Warehouse Workers for Justice Surveys Will County Warehouse Workers

In recent years, many warehouses have been built in Will County, such as:

The Bissell Warehouse in Elwood, Illinois.

New warehouses along Laraway Road in Joliet.

The Dollar Tree Warehouse in Joliet.



Warehouses in the CenterPoint Intermodal in Elwood, Illinois

CenterPoint Joliet and the Dollar Tree Warehouse in Joliet

JOLIET--The group Warehouse Workers for Justice are investigating working conditions in Will County Warehouses. Warehouse Workers for Justice are clear about their goals:  They want a living wage for warehouse workers and enforcement of already existing labor laws. 

Speaking recently after a meeting of the Interfaith Action Committee, the members said that after a Martin Luther King event last year, the faith community was drawn “into the struggle for warehouse justice.”

It will take a broad base of warehouse workers to make the changes happen, the members said. “The only way to push back is with a broad based organization.”

Another goal will be to move away from a temporary work force staffed by agencies to a mix of temporary and a high percentage of permanent employees, Stephen Jackson said.

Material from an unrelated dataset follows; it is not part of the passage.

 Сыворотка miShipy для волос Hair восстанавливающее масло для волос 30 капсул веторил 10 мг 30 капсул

Underway now is a survey designed to provide a better sense of the hard numbers, WWJ coordinator Abraham Mwaura said.  It’s hoped that the survey and the public hearing will be a “launching pad for policy change,” he said.

Members said the existing Illinois  Day Labor and Temporary Services Act  
provides protections that aren’t being enforced “We believe it’s violated all the time,” Jackson said.

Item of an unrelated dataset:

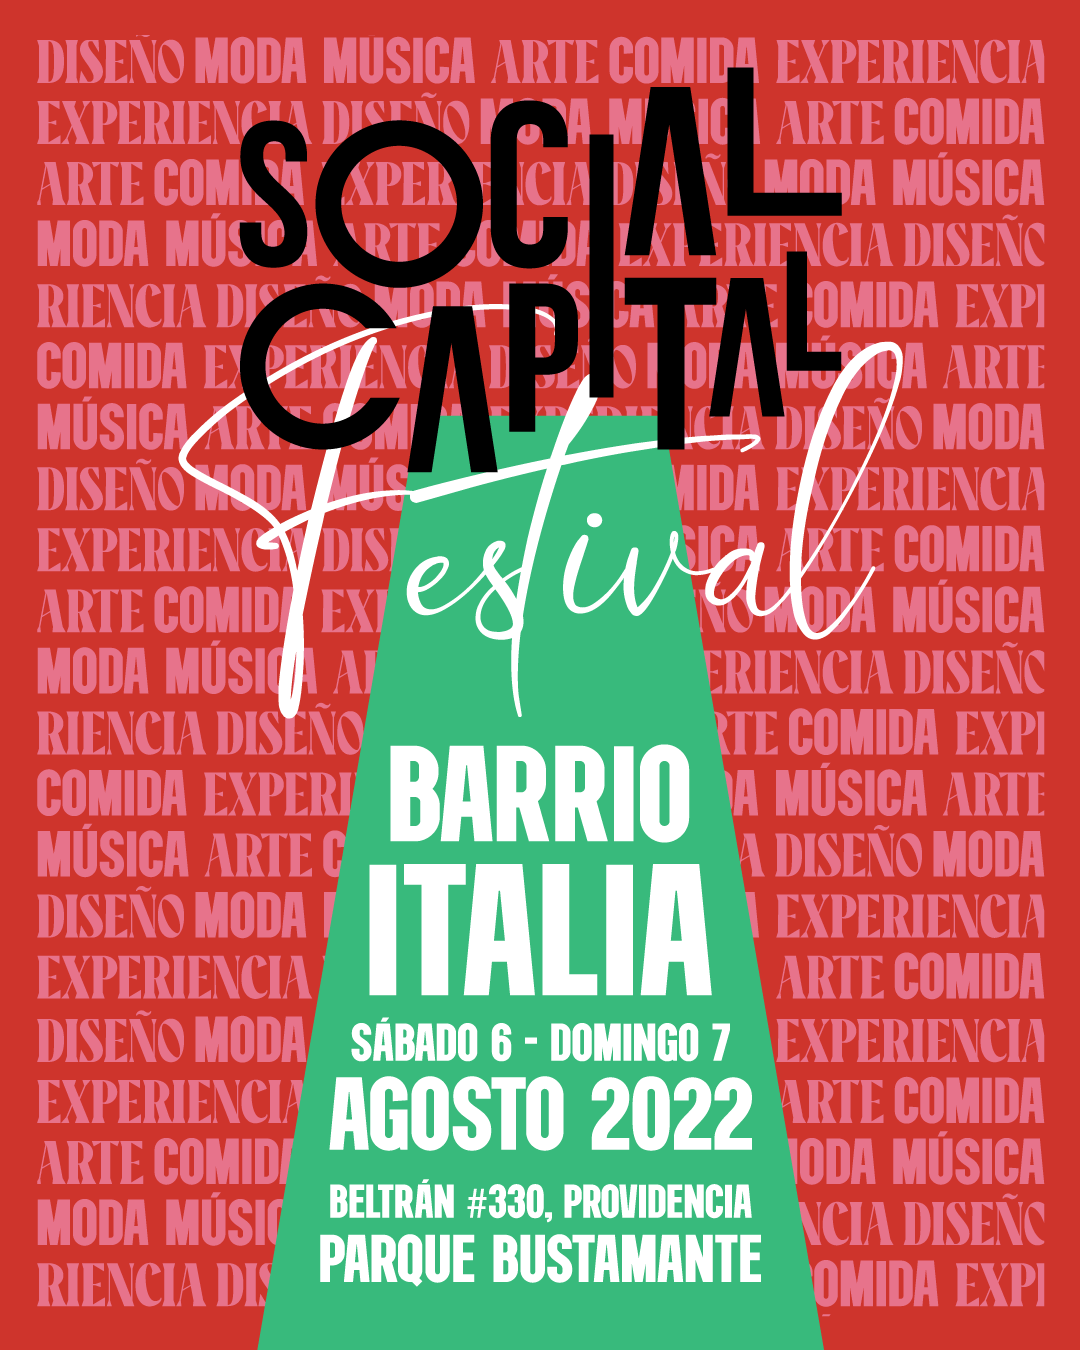 Vuelve Social Capital Festival: El encuentro de moda, diseño y arte

When workers are called in and then wait for hours in a cafeteria before eventually being sent home without pay, it’s a violation of the law, they said. Yet, they receive reports that “It’s broken on a regular basis.” 

Other types of violations reported to the committee include:

·         ~Workers being discouraged from reporting health and safety violations,
·                     ~  Agencies not classifying workers into dangerous categories to avoid 
           paying full workers compensation costs                     
~Splitting hours and paying employees separately for hours worked in each  
  department to avoid fulltime weeks
·                        

Jobs that pay less than a living wage  put a burden on the local economy, too, they said. Seeing warehouse workers in line at the food pantry brought the issue close to home for one pastor. It illustrates “how close these issues are to the churches, “ Abraham Mwaura, coordiantror WWJ said. “They need and deserve a living wage.”

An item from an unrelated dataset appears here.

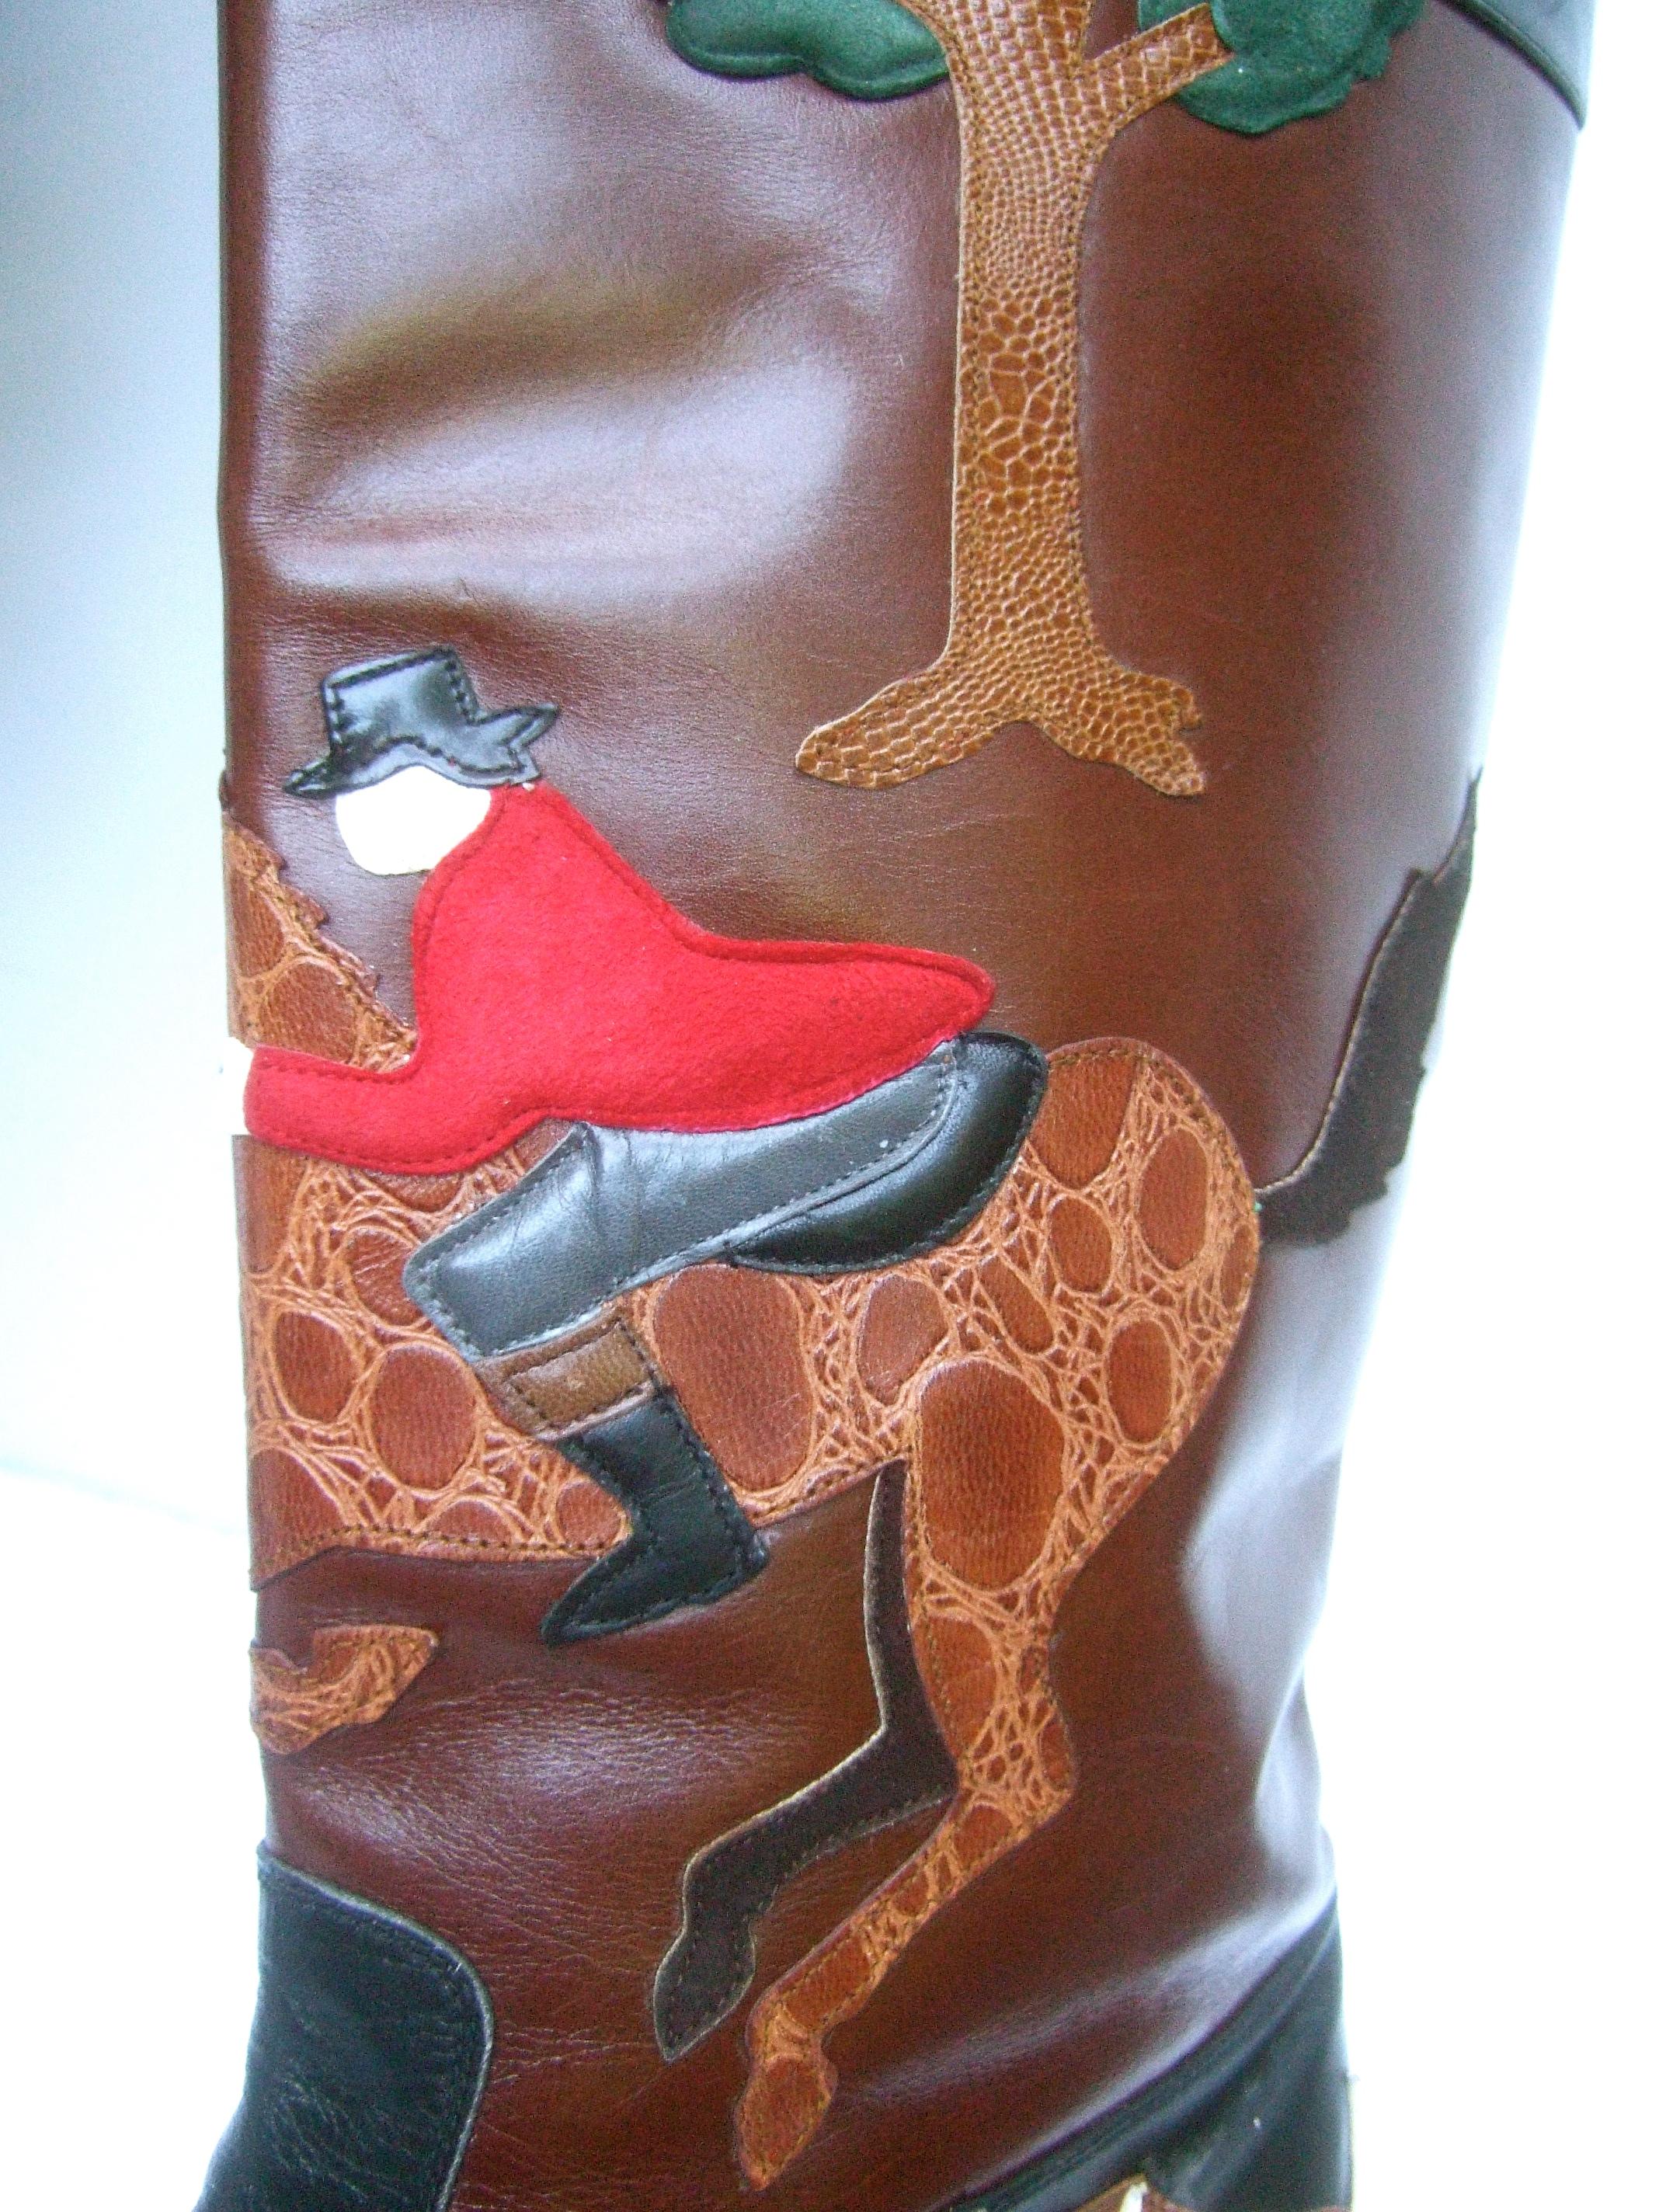 Rare Unique Hunt Scene Leather & Suede Appliqué Boots US Size 9 M c 1990 9

When the survey of workers is completed, a report will be released at a public hearing, Mwaura said.

It’s hoped the results will lead to a policy of enforcing existing labor laws and a movement to provide a living wage for workers.

Anyone wanting additional information about WWJ may visit the website at www.warehouseworker.org or call the hotline at 1-888-DIGNIDAD.


Warehouse Workers for Justice Interfaith Action Committee met recently at Sacred Heart Church in Joliet. They include, from right and clockwise: Eveleyna Washington, Coalition of Black Trade Unionists; Charlotte Droogan, Universalists Unitarian Church of Joliet; Rev. Craig Purchase, Mt. Zion Full Gospel Tabernacle and president of the Joliet chapter of the Rainbow Push Coalition; Abraham Mwaura, coordinator WWJ; Stephen Jackson, for the Diocese of Joliet; and Cindy Marble, a former warehouse worker.